No me atrevo a decir la verdadera razón y vuelvo a repetir lo mismo:
—Eres mi jefe. ¿Qué pasará si salimos un tiempo y luego terminamos? Tendría que renunciar.
Ruslán da un paso hacia mí y me toma de la mano. El calor de su palma envuelve mi piel. Mi corazón se acelera y la respiración se vuelve irregular. Me mira a los ojos, se asoma a mi alma y exige la verdad:
—¿Por qué tendríamos que terminar?
—Porque todas las relaciones que tuve hasta hoy acabaron en ruptura.
—Quizá esta vez sea diferente —Levchenko aprieta un poco más mi mano—. Si esa es la única razón, te prometo que incluso en ese caso no te despediré. Fingiremos que nada pasó. ¿Hay algo más? ¿O acaso contemplas la posibilidad de reconciliarte con tu ex?
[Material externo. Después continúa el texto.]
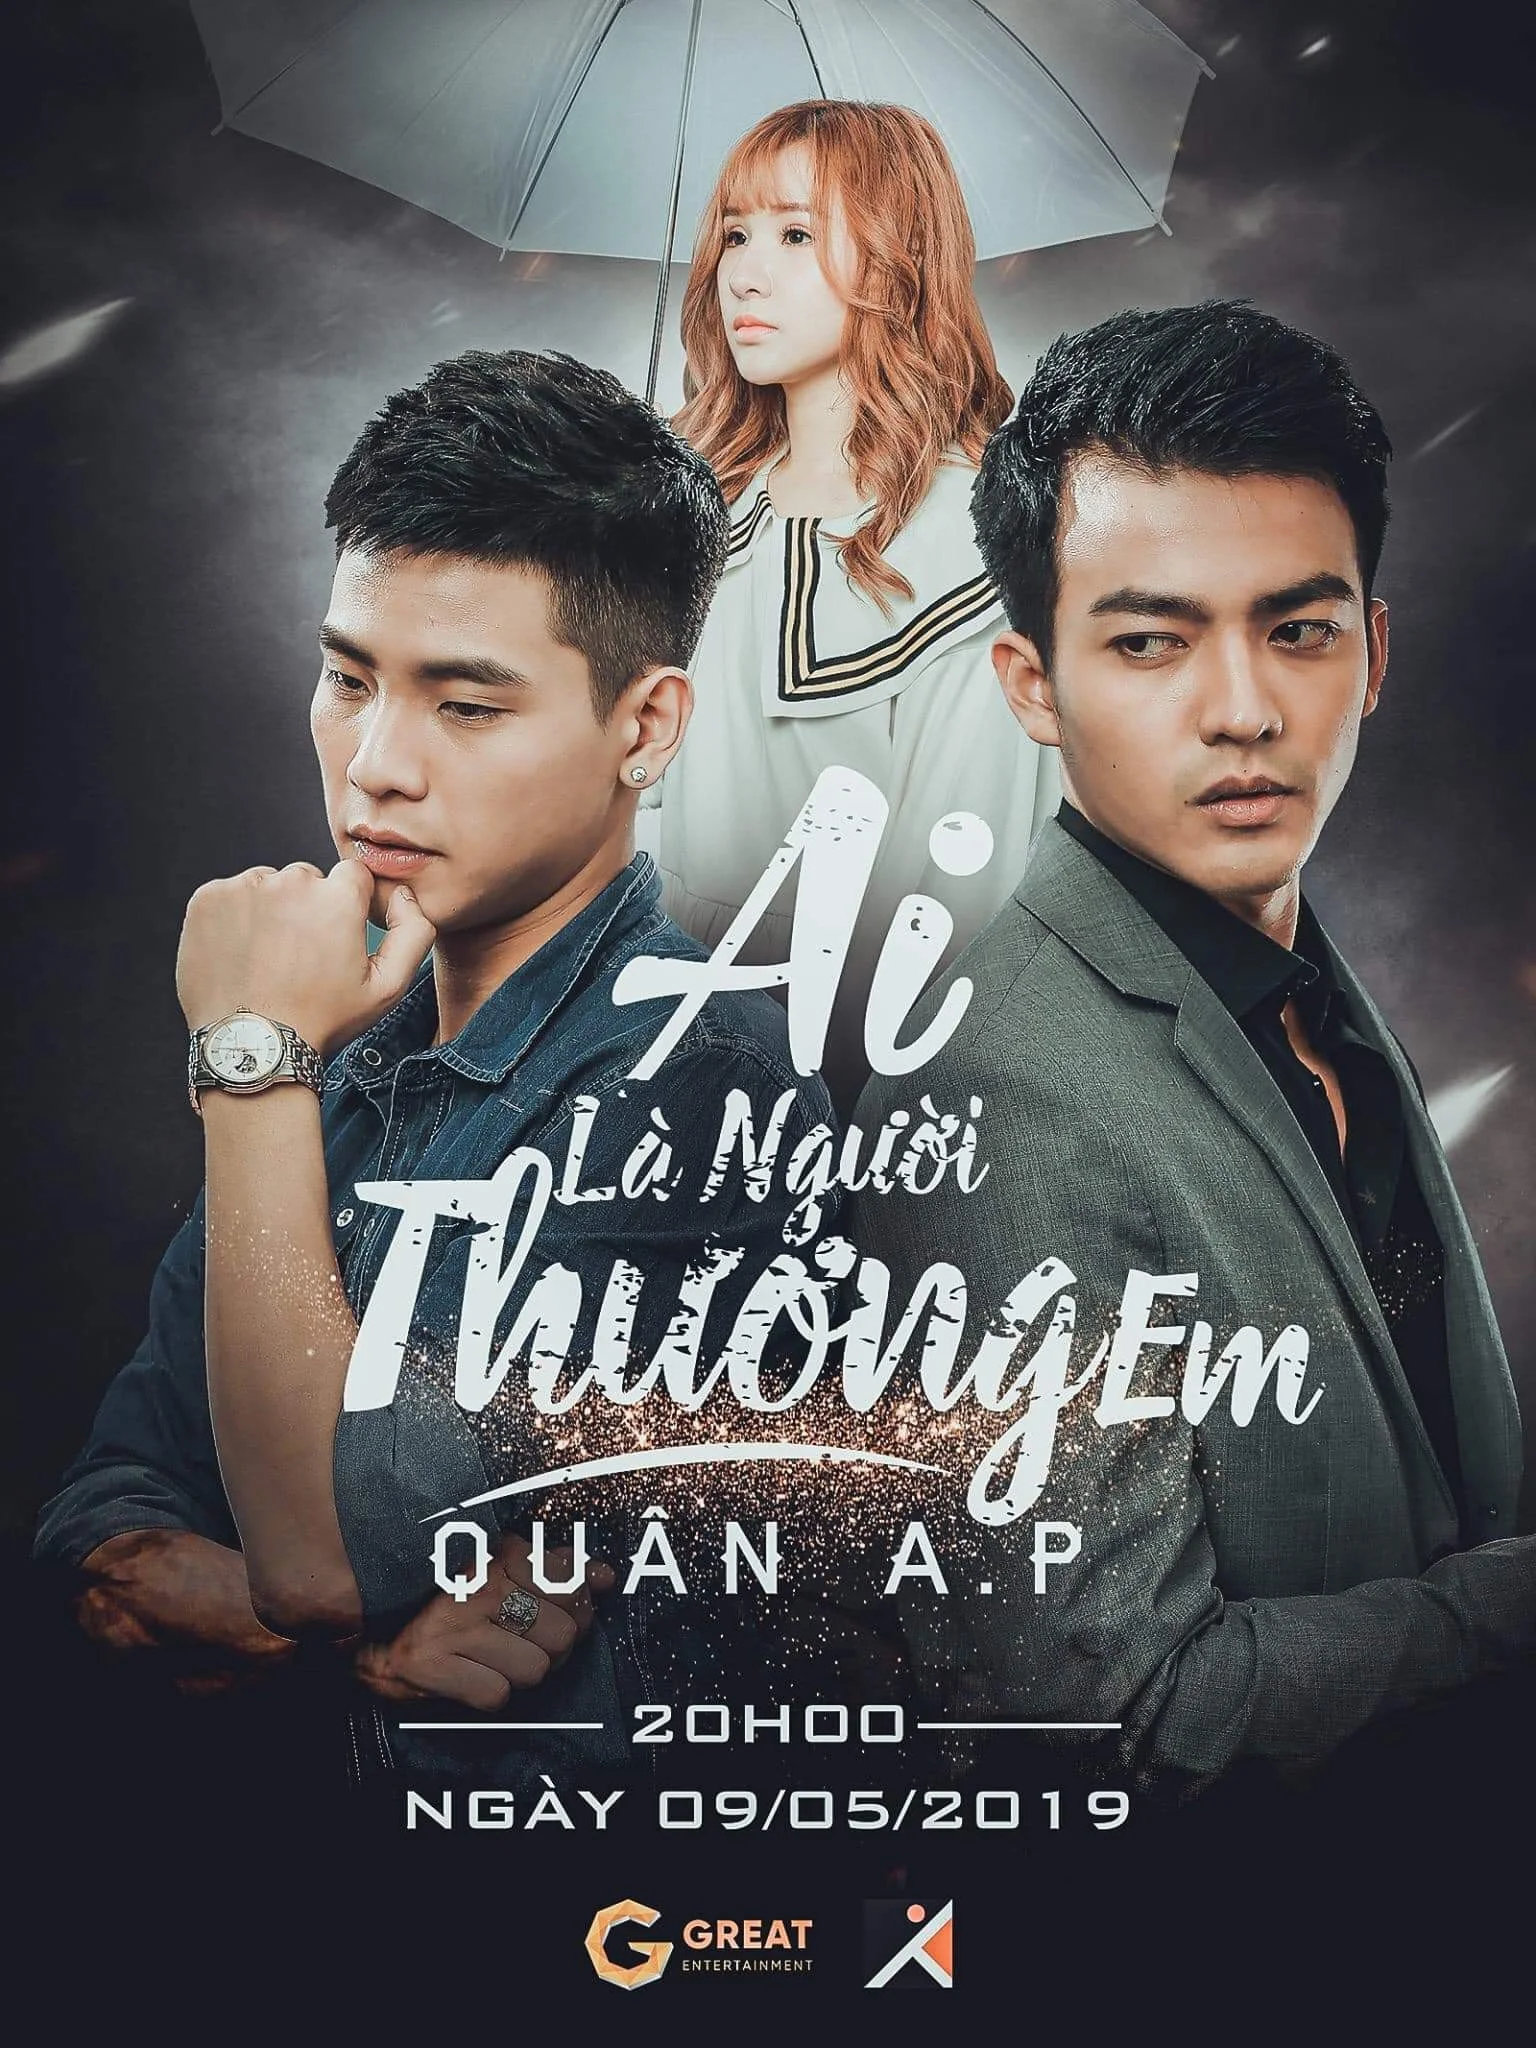 Phạm Anh Quân's cover photo

Me muerdo el labio. Me siento acorralada. Si supiera con certeza que Ruslán no era aquel desconocido del bar, ya estaría besando sus labios tentadores. Me obligo a soltar su mano. Doy un paso al costado y bajo la cabeza con culpa:
—No, nunca volveré con Ígor, y él no tiene nada que ver. Mi divorcio fue demasiado doloroso. No estoy preparada para una nueva relación —callo que en realidad no estoy lista para que alguien me rompa el corazón otra vez—. Sí, lo admito: me gustas, pero ahora te pido tiempo. Necesito ordenar mis pensamientos y comprender mis sentimientos.
—¿Qué habrá hecho ese desgraciado para que, incluso después de dos años, no te atrevas a empezar de nuevo? Conmigo será distinto. No sé si mejor, no te prometo castillos en el aire, pero sí diferente.
En ese momento entra Nastia a la recepción y obliga a Ruslán a callar. Le tiende unos documentos:
—Aquí tienes. Liudmila Andríivna dijo que la tarificación está en tu correo.
—Bien, gracias —Ruslán toma los documentos y, con la cabeza gacha, se marcha sombrío a su despacho.
El resto del día no me dirige la palabra. Solo me tranquilizo cuando llego a casa. El teléfono empieza a vibrar justo cuando me acomodo en el sofá con una taza de té. Por la sorpresa casi derramo la bebida y, al ver la pantalla, siento que todo dentro de mí se contrae. Ígor. No necesito contestar para adivinar de qué quiere hablar. Sus ramos, sus visitas inesperadas, sus insinuaciones… Pero estoy cansada. Cansada de tener que repetirle que ya no estamos juntos.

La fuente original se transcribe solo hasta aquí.